Task brief
Keep only the lines from the start of the data through the line containing "Persisk teppe - klassisk", and output them exactly.

Recorded data:

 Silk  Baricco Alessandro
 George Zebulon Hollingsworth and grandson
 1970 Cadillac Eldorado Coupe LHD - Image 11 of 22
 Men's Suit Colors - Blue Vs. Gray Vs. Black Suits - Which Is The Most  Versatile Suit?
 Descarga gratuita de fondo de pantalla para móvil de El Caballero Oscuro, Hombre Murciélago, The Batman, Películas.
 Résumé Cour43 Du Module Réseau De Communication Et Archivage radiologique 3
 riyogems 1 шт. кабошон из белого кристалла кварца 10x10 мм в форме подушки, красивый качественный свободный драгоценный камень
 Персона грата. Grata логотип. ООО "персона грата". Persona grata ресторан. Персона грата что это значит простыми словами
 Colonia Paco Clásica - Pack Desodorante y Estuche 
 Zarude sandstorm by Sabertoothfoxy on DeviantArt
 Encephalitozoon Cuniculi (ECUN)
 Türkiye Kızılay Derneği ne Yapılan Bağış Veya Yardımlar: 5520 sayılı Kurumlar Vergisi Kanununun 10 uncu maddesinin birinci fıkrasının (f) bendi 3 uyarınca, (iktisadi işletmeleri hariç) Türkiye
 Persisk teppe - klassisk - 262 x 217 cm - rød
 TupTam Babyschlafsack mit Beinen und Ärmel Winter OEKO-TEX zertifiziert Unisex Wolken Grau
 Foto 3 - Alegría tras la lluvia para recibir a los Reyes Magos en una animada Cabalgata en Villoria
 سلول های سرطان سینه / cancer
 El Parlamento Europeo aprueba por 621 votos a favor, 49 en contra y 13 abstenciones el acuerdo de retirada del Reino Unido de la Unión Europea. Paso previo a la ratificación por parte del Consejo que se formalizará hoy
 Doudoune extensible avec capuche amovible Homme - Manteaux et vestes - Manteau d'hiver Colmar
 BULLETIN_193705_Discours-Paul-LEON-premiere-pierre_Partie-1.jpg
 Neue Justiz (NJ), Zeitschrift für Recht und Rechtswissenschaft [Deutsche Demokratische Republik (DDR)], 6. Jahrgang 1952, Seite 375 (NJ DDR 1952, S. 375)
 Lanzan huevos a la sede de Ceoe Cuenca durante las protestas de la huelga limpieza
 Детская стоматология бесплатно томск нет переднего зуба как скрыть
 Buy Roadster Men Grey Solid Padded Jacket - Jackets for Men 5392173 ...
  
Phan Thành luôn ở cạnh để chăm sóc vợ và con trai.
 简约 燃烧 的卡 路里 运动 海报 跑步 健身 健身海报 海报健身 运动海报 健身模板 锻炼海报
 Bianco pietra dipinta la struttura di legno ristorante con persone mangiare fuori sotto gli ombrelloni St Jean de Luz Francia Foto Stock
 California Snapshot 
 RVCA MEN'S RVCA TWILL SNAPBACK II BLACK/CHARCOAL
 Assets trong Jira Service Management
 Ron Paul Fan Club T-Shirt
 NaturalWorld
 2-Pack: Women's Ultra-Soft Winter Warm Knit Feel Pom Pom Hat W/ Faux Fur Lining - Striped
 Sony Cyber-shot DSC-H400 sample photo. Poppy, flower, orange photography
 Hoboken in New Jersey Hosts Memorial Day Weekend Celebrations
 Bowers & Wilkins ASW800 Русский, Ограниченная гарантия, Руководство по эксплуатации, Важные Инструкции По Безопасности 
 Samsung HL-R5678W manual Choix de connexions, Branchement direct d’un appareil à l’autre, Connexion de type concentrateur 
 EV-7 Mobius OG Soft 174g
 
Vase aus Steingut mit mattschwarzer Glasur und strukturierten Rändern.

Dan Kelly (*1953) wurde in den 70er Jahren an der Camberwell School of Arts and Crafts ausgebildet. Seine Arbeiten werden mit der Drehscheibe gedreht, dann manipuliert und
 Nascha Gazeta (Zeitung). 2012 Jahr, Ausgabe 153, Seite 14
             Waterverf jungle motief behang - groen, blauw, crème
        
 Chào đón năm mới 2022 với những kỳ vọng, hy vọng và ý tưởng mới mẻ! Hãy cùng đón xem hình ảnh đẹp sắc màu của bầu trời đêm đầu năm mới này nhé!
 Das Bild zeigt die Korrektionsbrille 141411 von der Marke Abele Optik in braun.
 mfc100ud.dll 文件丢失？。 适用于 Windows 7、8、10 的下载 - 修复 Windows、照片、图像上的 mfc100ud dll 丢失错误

Answer below
 Silk  Baricco Alessandro
 George Zebulon Hollingsworth and grandson
 1970 Cadillac Eldorado Coupe LHD - Image 11 of 22
 Men's Suit Colors - Blue Vs. Gray Vs. Black Suits - Which Is The Most  Versatile Suit?
 Descarga gratuita de fondo de pantalla para móvil de El Caballero Oscuro, Hombre Murciélago, The Batman, Películas.
 Résumé Cour43 Du Module Réseau De Communication Et Archivage radiologique 3
 riyogems 1 шт. кабошон из белого кристалла кварца 10x10 мм в форме подушки, красивый качественный свободный драгоценный камень
 Персона грата. Grata логотип. ООО "персона грата". Persona grata ресторан. Персона грата что это значит простыми словами
 Colonia Paco Clásica - Pack Desodorante y Estuche 
 Zarude sandstorm by Sabertoothfoxy on DeviantArt
 Encephalitozoon Cuniculi (ECUN)
 Türkiye Kızılay Derneği ne Yapılan Bağış Veya Yardımlar: 5520 sayılı Kurumlar Vergisi Kanununun 10 uncu maddesinin birinci fıkrasının (f) bendi 3 uyarınca, (iktisadi işletmeleri hariç) Türkiye
 Persisk teppe - klassisk - 262 x 217 cm - rød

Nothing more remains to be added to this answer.